The problem. Restate word for word the section of the entries that opens at the line containing "Green minestrone ingredients" and closes at the line containing "State emblem of the Soviet Union", both lines kept, pictures dropped.
::: Provided material :::
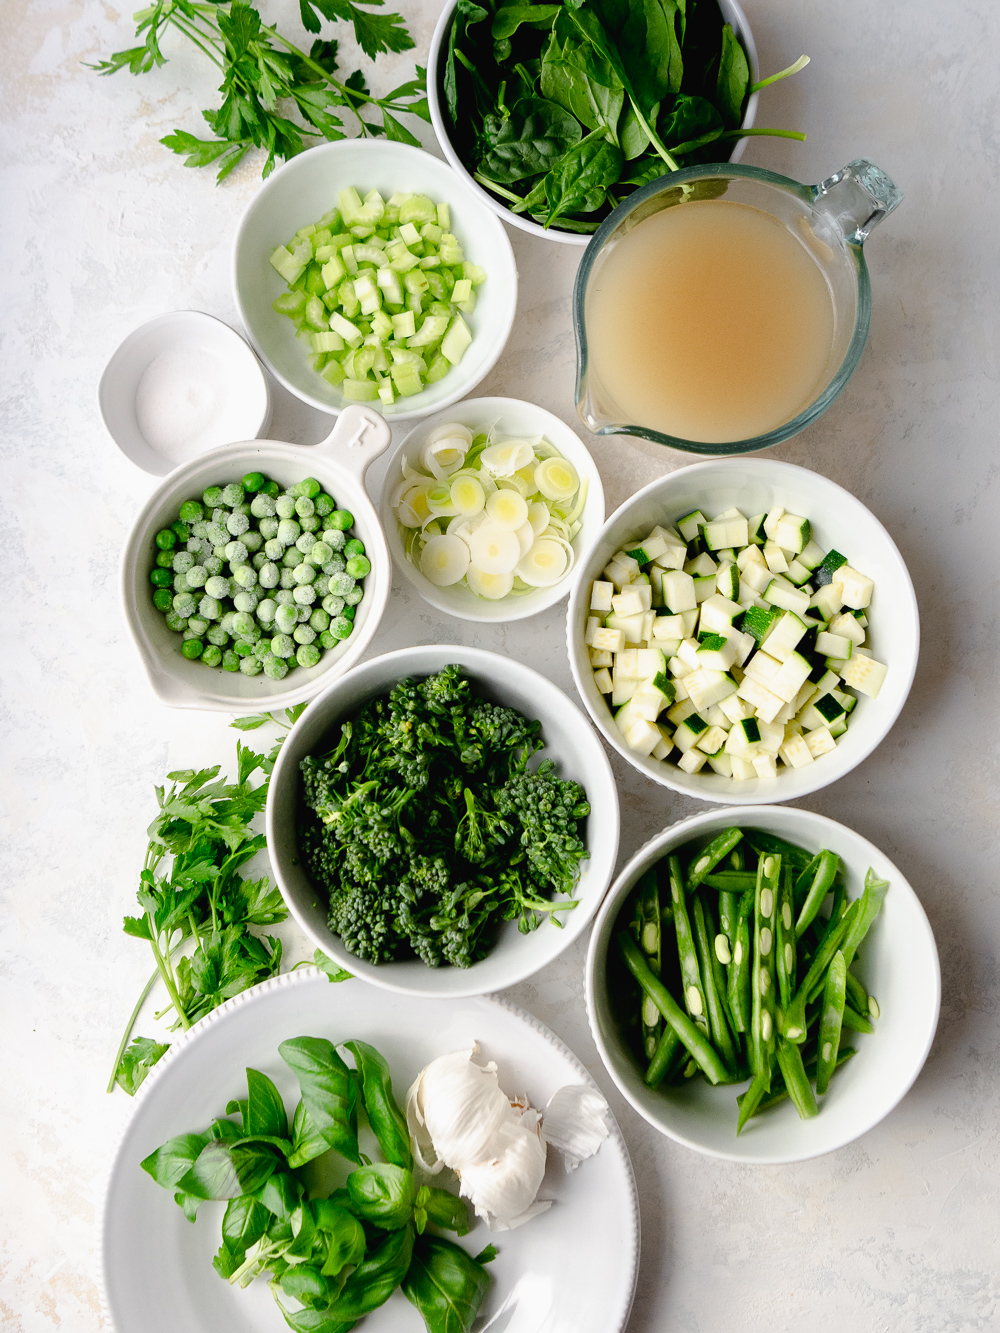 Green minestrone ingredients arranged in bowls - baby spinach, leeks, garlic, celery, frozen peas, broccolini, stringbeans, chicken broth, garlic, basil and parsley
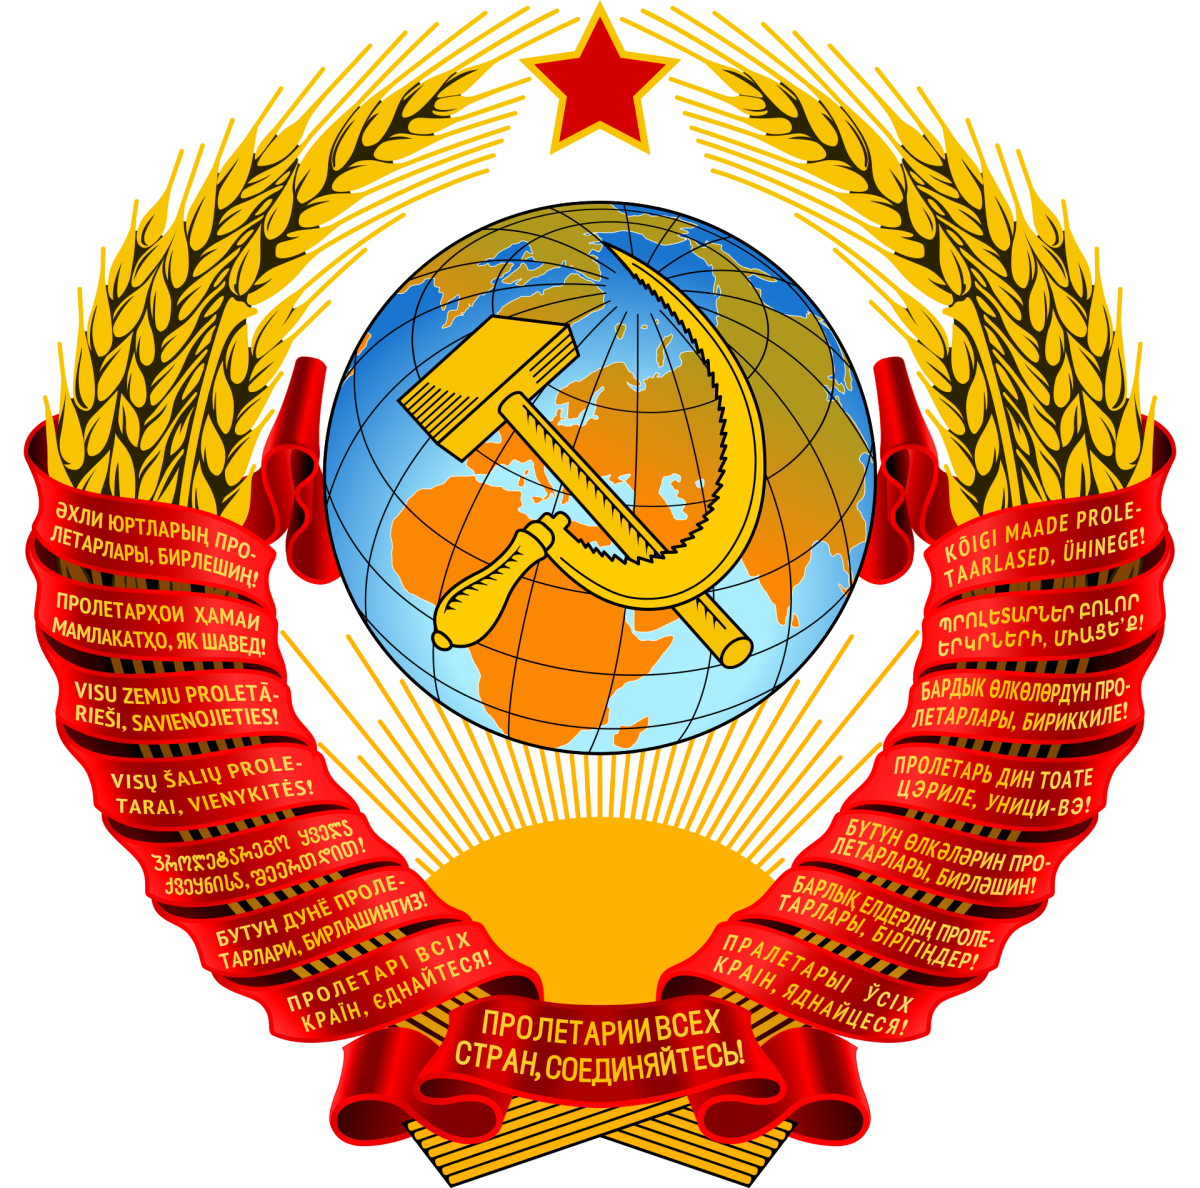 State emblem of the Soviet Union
:::
::: Provided material :::
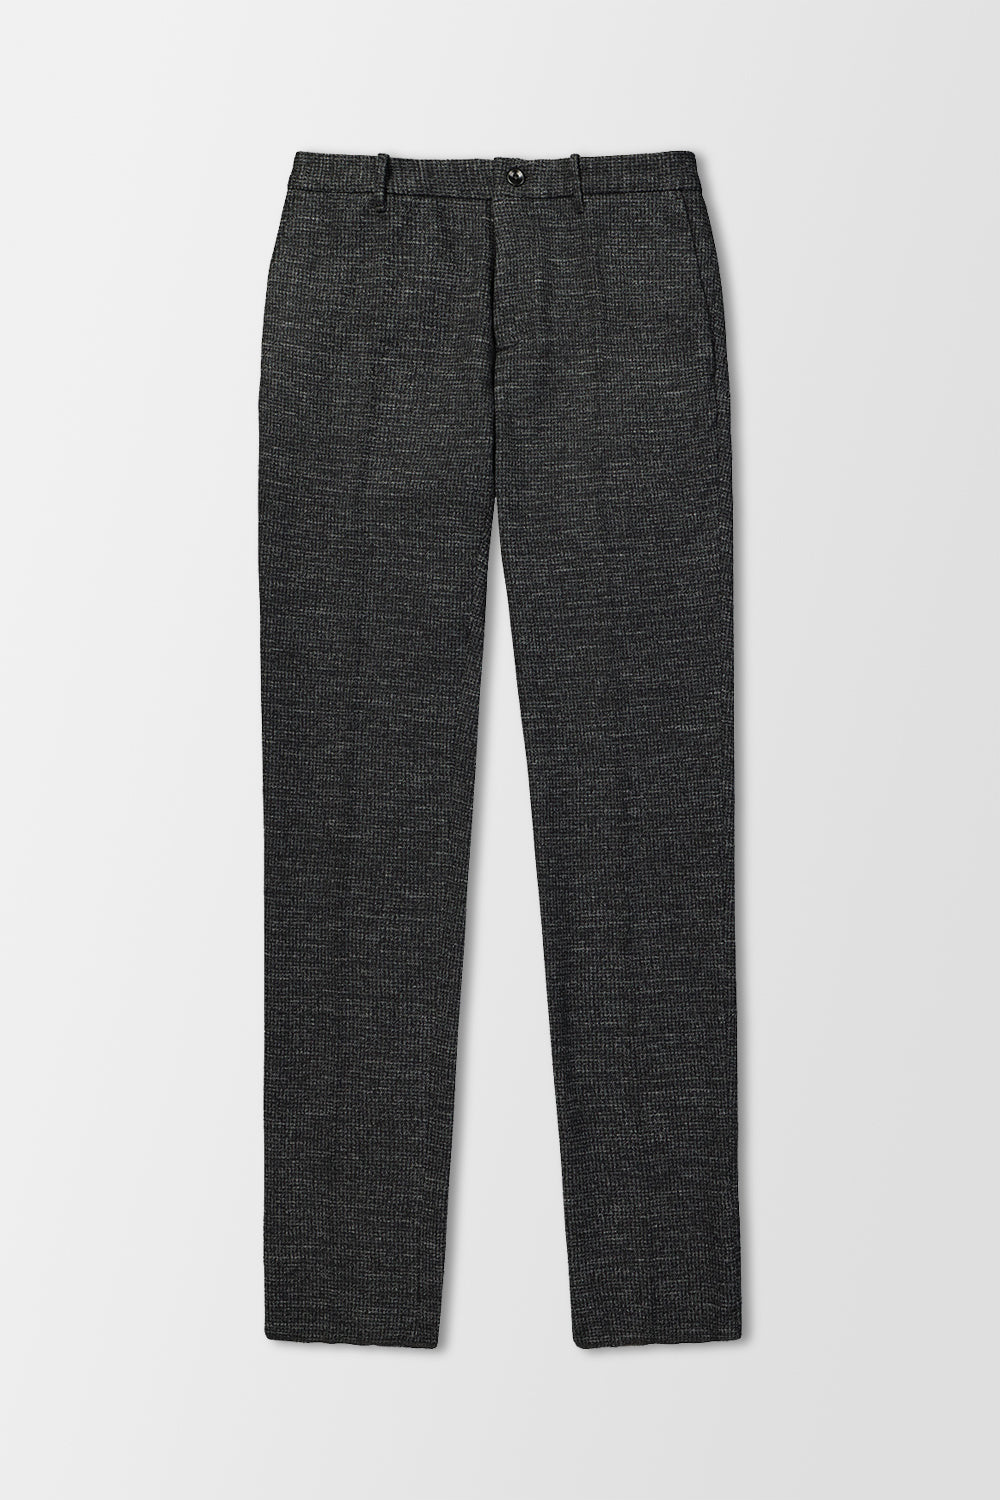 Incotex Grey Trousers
:::
::: Provided material :::
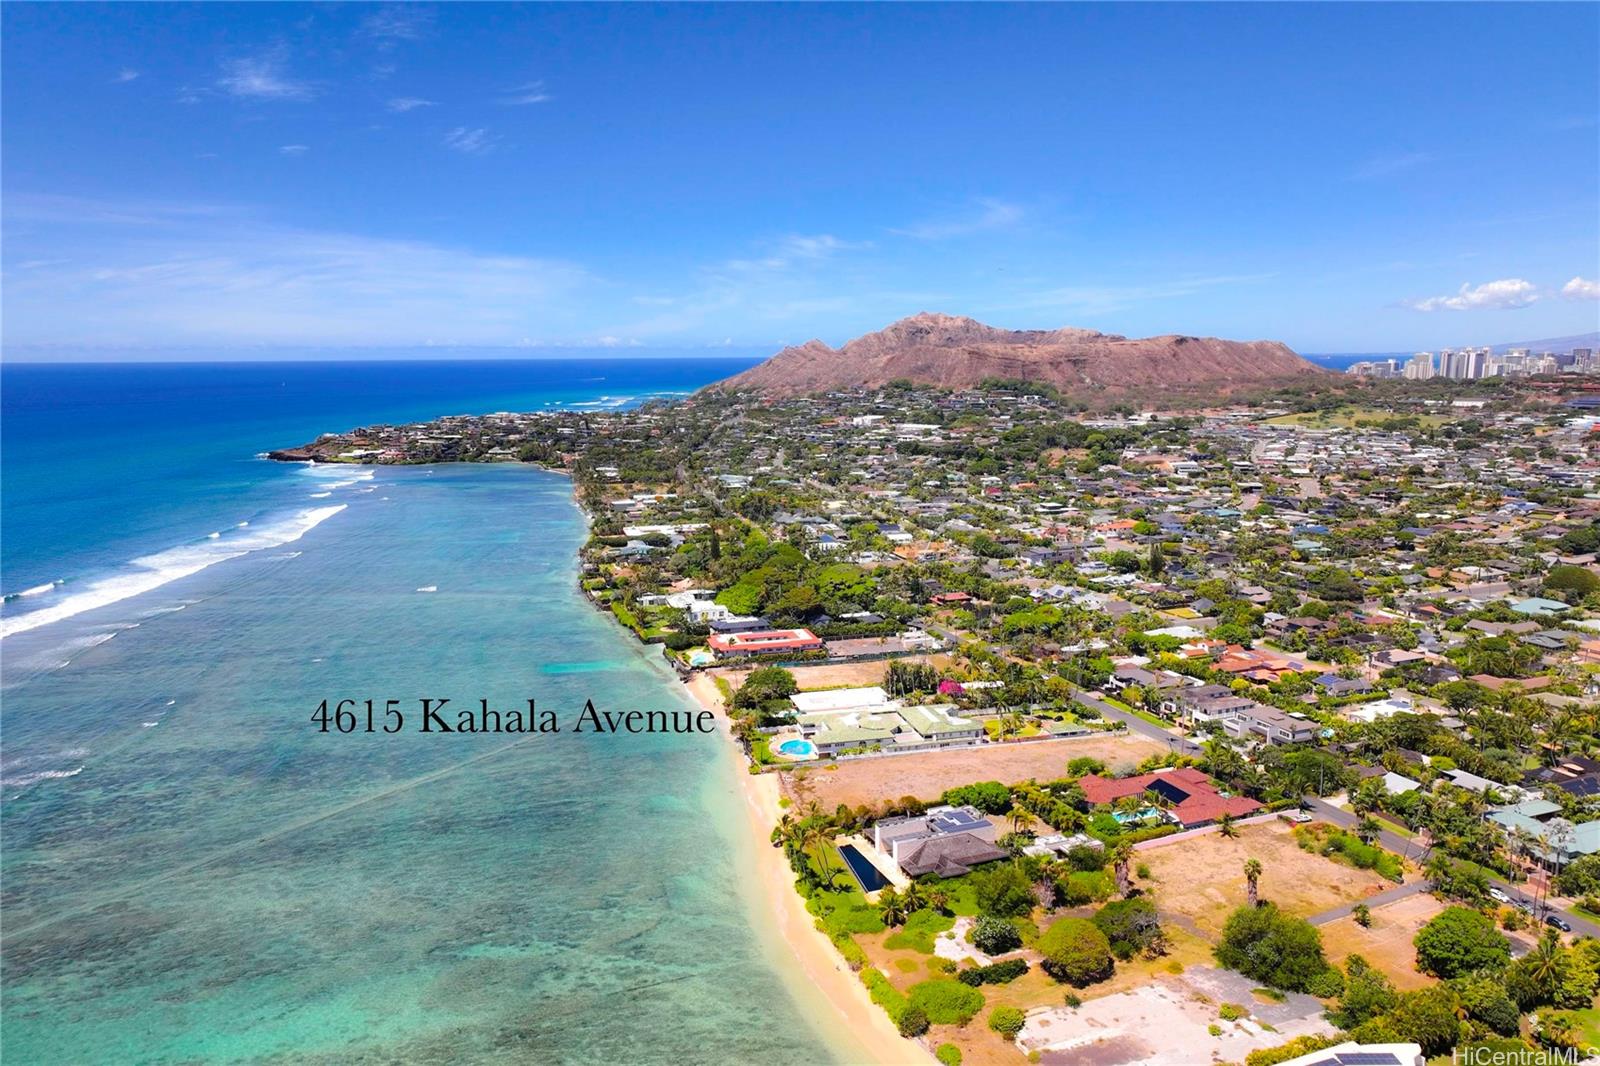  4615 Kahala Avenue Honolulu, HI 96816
:::
Your solution.
 Green minestrone ingredients arranged in bowls - baby spinach, leeks, garlic, celery, frozen peas, broccolini, stringbeans, chicken broth, garlic, basil and parsley
 State emblem of the Soviet Union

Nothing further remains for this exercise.